2024-06-05 09:48:36

by alexs

[permalink] [raw]
Subject: [RFC 1/3] mm/ksm: add anonymous check in find_mergeable_vma

From: "Alex Shi (tencent)" <[email protected]>

We do vma_set_anonyous in do_mmap(), and then vma_is_anonymous()
checking workable, use it as a extra check since ksm only care anonymous
pages.

Signed-off-by: Alex Shi (tencent) <[email protected]>
---
mm/ksm.c | 3 ++-
1 file changed, 2 insertions(+), 1 deletion(-)

diff --git a/mm/ksm.c b/mm/ksm.c
index f5138f43f0d2..088bce39cd33 100644
--- a/mm/ksm.c
+++ b/mm/ksm.c
@@ -742,7 +742,8 @@ static struct vm_area_struct *find_mergeable_vma(struct mm_struct *mm,
if (ksm_test_exit(mm))
return NULL;
vma = vma_lookup(mm, addr);
- if (!vma || !(vma->vm_flags & VM_MERGEABLE) || !vma->anon_vma)
+ if (!vma || !(vma->vm_flags & VM_MERGEABLE) || !vma->anon_vma ||
+ !vma_is_anonymous(vma))
return NULL;
return vma;
}
--
2.43.0



2024-06-05 09:48:43

by alexs

[permalink] [raw]
Subject: [RFC 2/3] mm/ksm: jump out early if vma out of date in cmp_and_merge_page

From: "Alex Shi (tencent)" <[email protected]>

If we get a page which in a disappearing vma, the page should be useless
soon, so don't bother to add it into ksm.

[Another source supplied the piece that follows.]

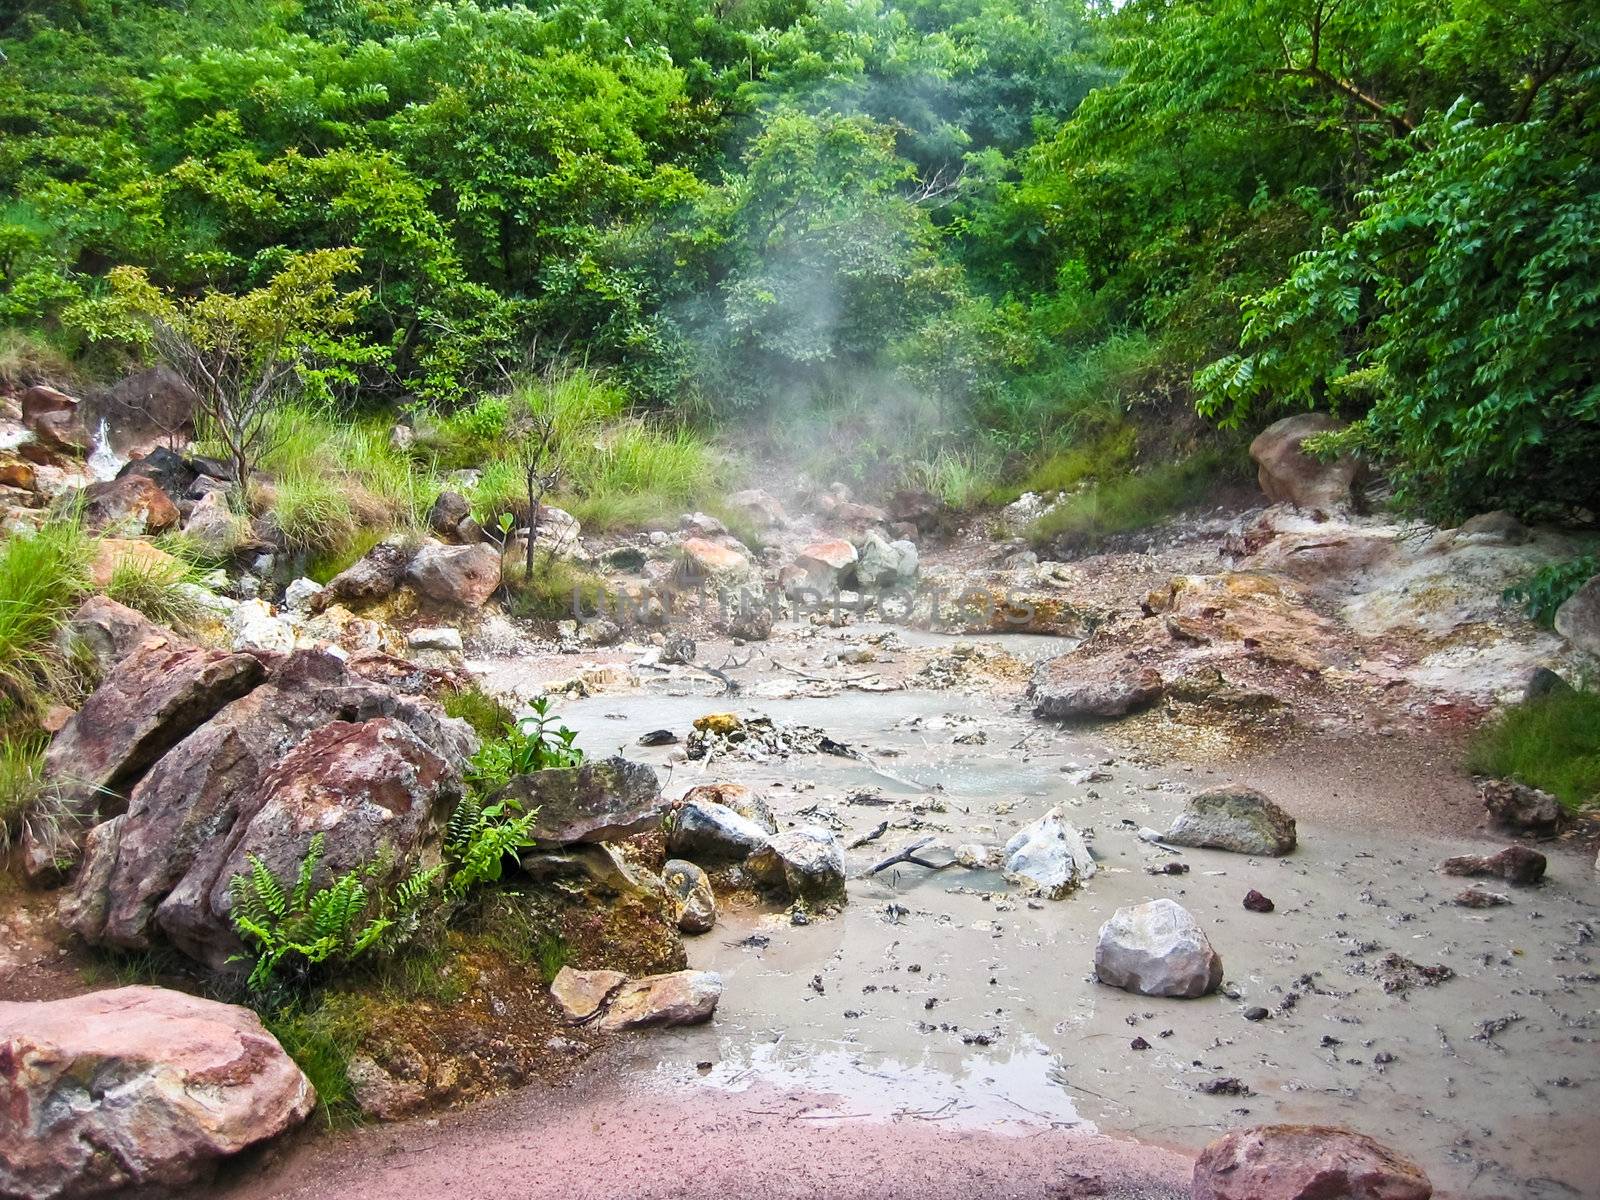 volcanic mud pool with bubbles in a green environment 
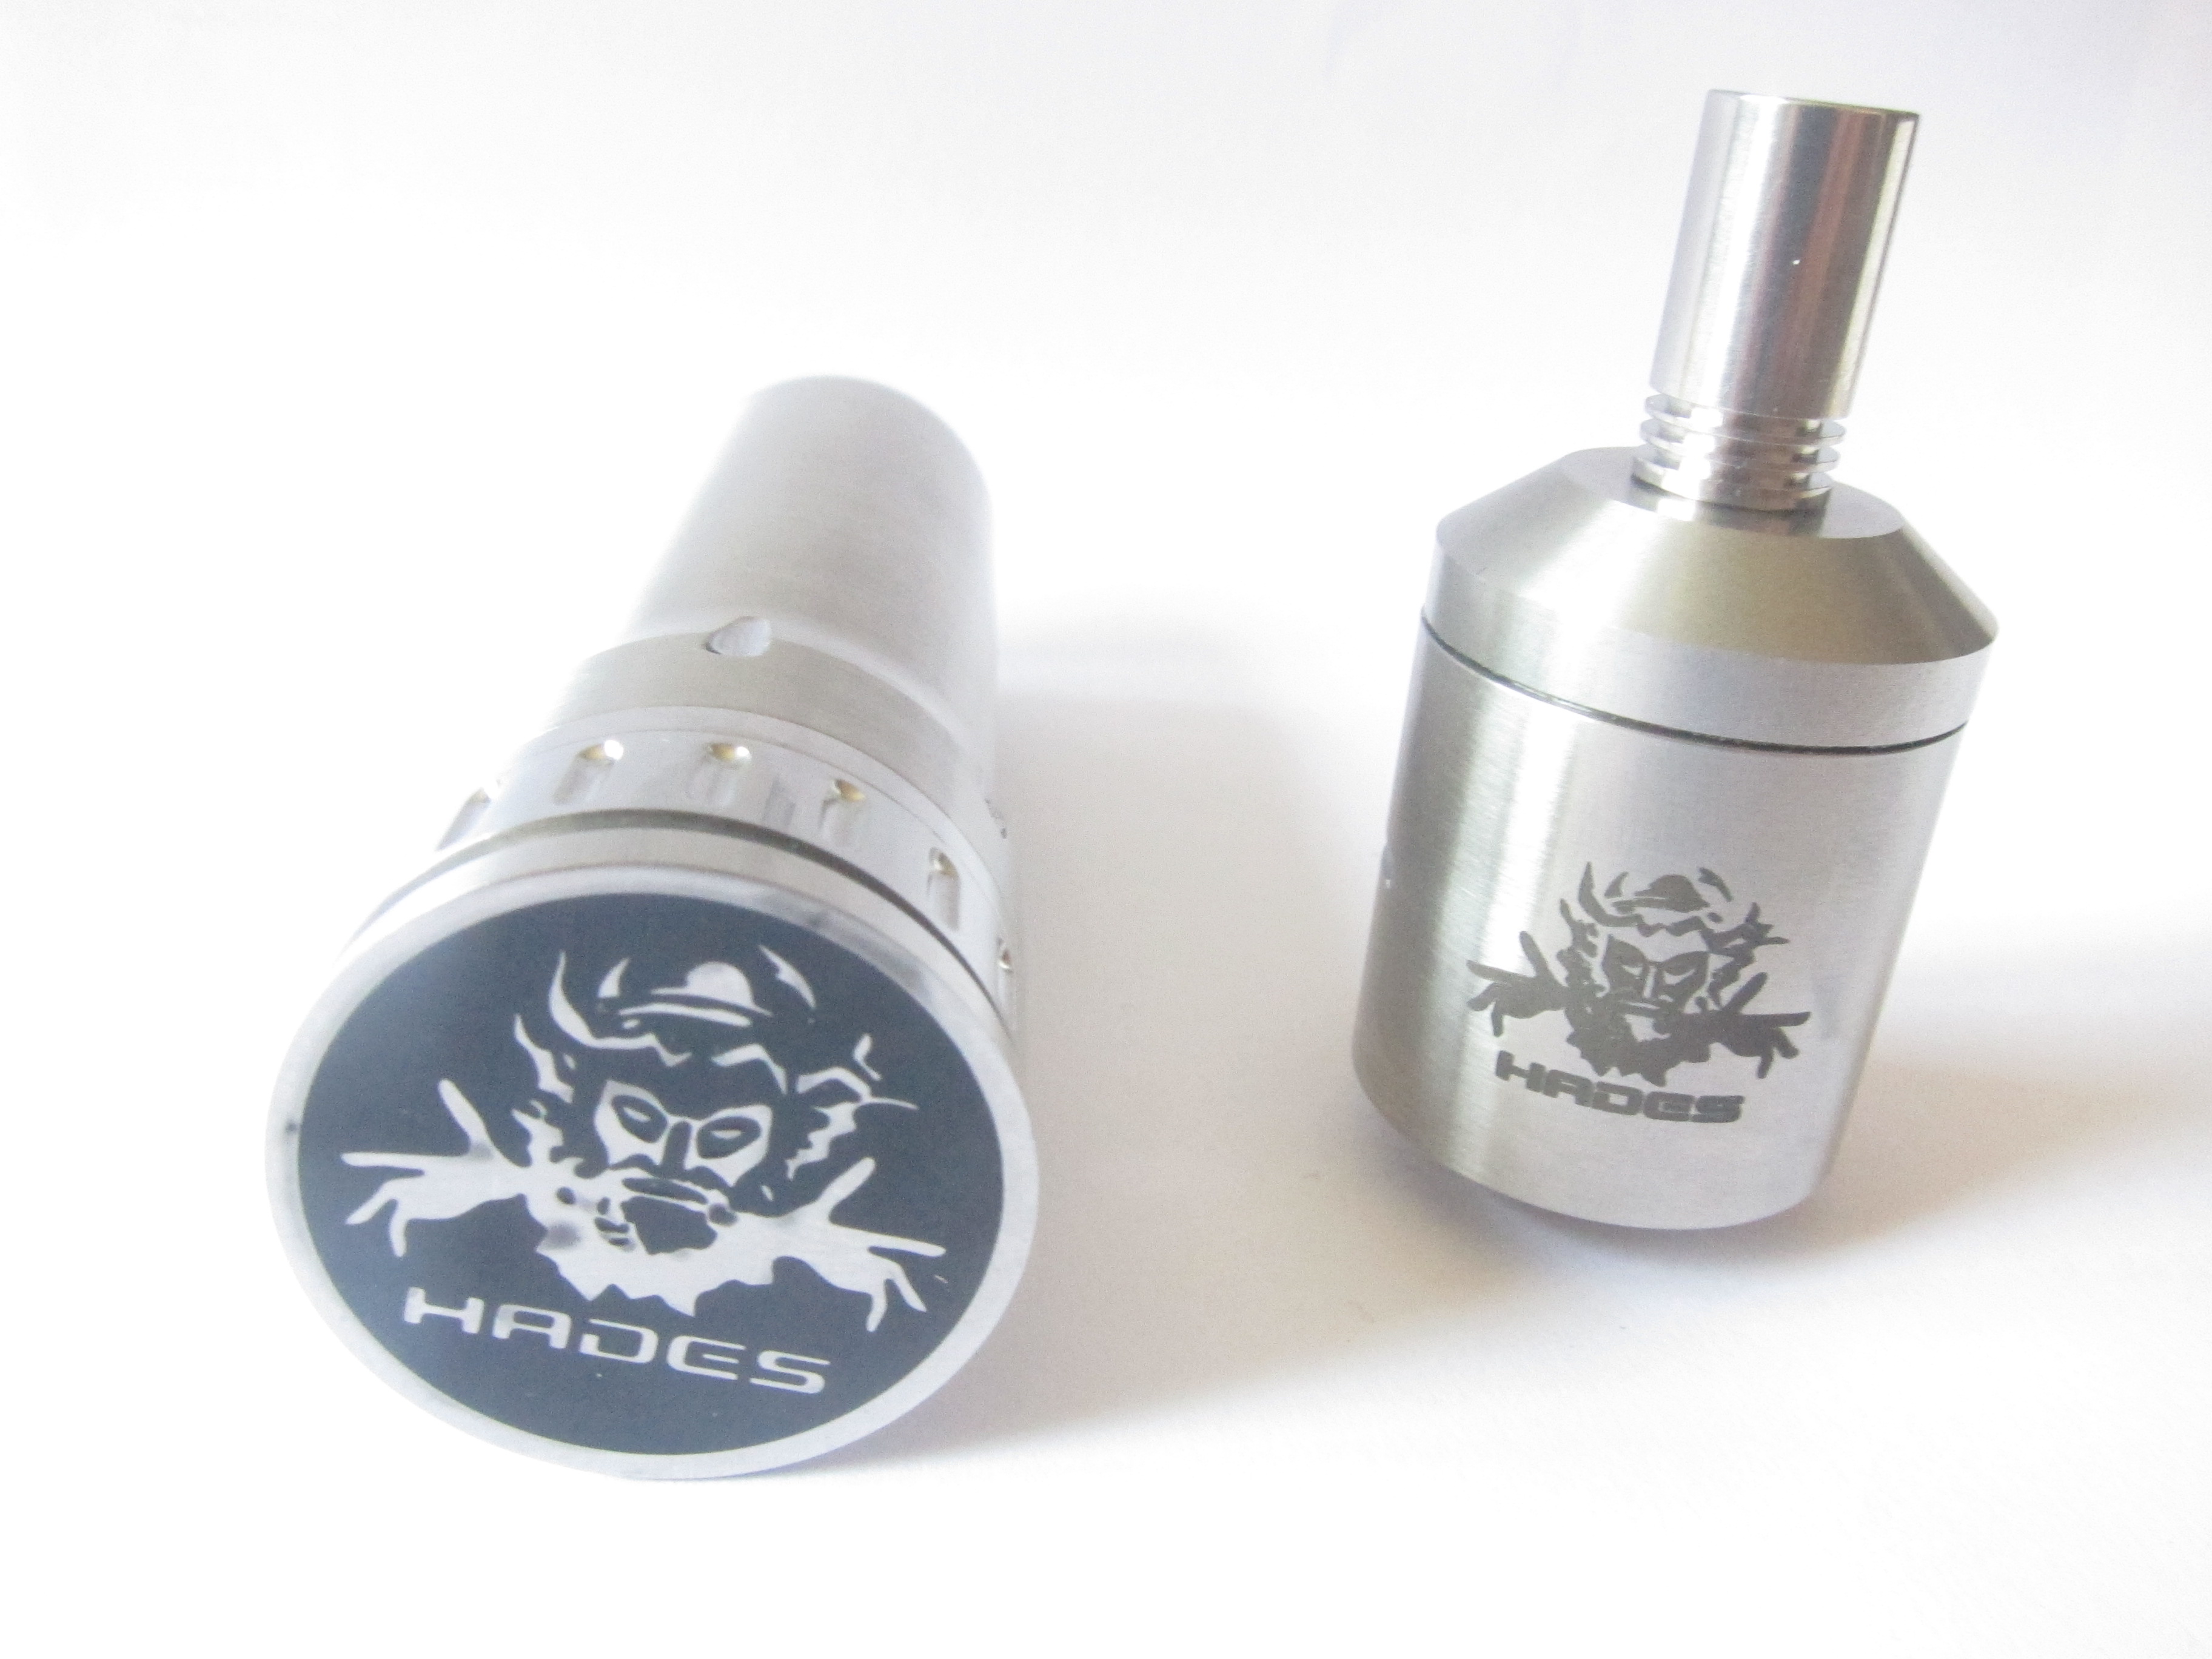 Mod Hades 26650 with Stainless steel Hades atomizer and 26650 Mnke battery

Signed-off-by: Alex Shi (tencent) <[email protected]>
---
mm/ksm.c | 36 +++++++++++++++++-------------------
1 file changed, 17 insertions(+), 19 deletions(-)

diff --git a/mm/ksm.c b/mm/ksm.c
index 088bce39cd33..ef335ee508d3 100644
--- a/mm/ksm.c
+++ b/mm/ksm.c
@@ -2315,6 +2315,7 @@ static void cmp_and_merge_page(struct page *page, struct ksm_rmap_item *rmap_ite
unsigned int checksum;
int err;
bool max_page_sharing_bypass = false;
+ struct vm_area_struct *vma;

stable_node = page_stable_node(page);
if (stable_node) {
@@ -2370,9 +2371,17 @@ static void cmp_and_merge_page(struct page *page, struct ksm_rmap_item *rmap_ite
* don't want to insert it in the unstable tree, and we don't want
* to waste our time searching for something identical to it there.
*/
+ mmap_read_lock(mm);
+ vma = find_mergeable_vma(mm, rmap_item->address);
+ if (!vma) {
+ /* If the vma is out of date, we do not need to continue.*/
+ mmap_read_unlock(mm);
+ return;
+ }
checksum = calc_checksum(page);
if (rmap_item->oldchecksum != checksum) {
rmap_item->oldchecksum = checksum;
+ mmap_read_unlock(mm);
return;
}

@@ -2381,31 +2390,20 @@ static void cmp_and_merge_page(struct page *page, struct ksm_rmap_item *rmap_ite
* appropriate zero page if the user enabled this via sysfs.
*/
if (ksm_use_zero_pages && (checksum == zero_checksum)) {
- struct vm_area_struct *vma;
-
- mmap_read_lock(mm);
- vma = find_mergeable_vma(mm, rmap_item->address);
- if (vma) {
- err = try_to_merge_one_page(vma, page,
- ZERO_PAGE(rmap_item->address));
- trace_ksm_merge_one_page(
- page_to_pfn(ZERO_PAGE(rmap_item->address)),
- rmap_item, mm, err);
- } else {
- /*
- * If the vma is out of date, we do not need to
- * continue.
- */
- err = 0;
- }
- mmap_read_unlock(mm);
+ err = try_to_merge_one_page(vma, page, ZERO_PAGE(rmap_item->address));
+ trace_ksm_merge_one_page(page_to_pfn(ZERO_PAGE(rmap_item->address)),
+ rmap_item, mm, err);
/*
* In case of failure, the page was not really empty, so we
* need to continue. Otherwise we're done.
*/
- if (!err)
+ if (!err) {
+ mmap_read_unlock(mm);
return;
+ }
}
+ mmap_read_unlock(mm);
+
tree_rmap_item =
unstable_tree_search_insert(rmap_item, page, &tree_page);
if (tree_rmap_item) {
--
2.43.0


2024-06-05 09:48:55

by alexs

[permalink] [raw]
Subject: [RFC 3/3] mm/ksm: move flush_anon_page before checksum calculation

From: "Alex Shi (tencent)" <[email protected]>

commit 6020dff09252 ("[ARM] Resolve fuse and direct-IO failures due to missing cache flushes")
explain that the aim of flush_anon_page() is to keep the cache and memory
content synced. Also as David Hildenbrand pointed, flush page without
the page contents reading here is meaningless, so let's move the flush action
just before page contents reading, like calc_checksum(), not
just find a page, flush it, w/o clear purpose. This should save some flush
actions why keep page content safely synced.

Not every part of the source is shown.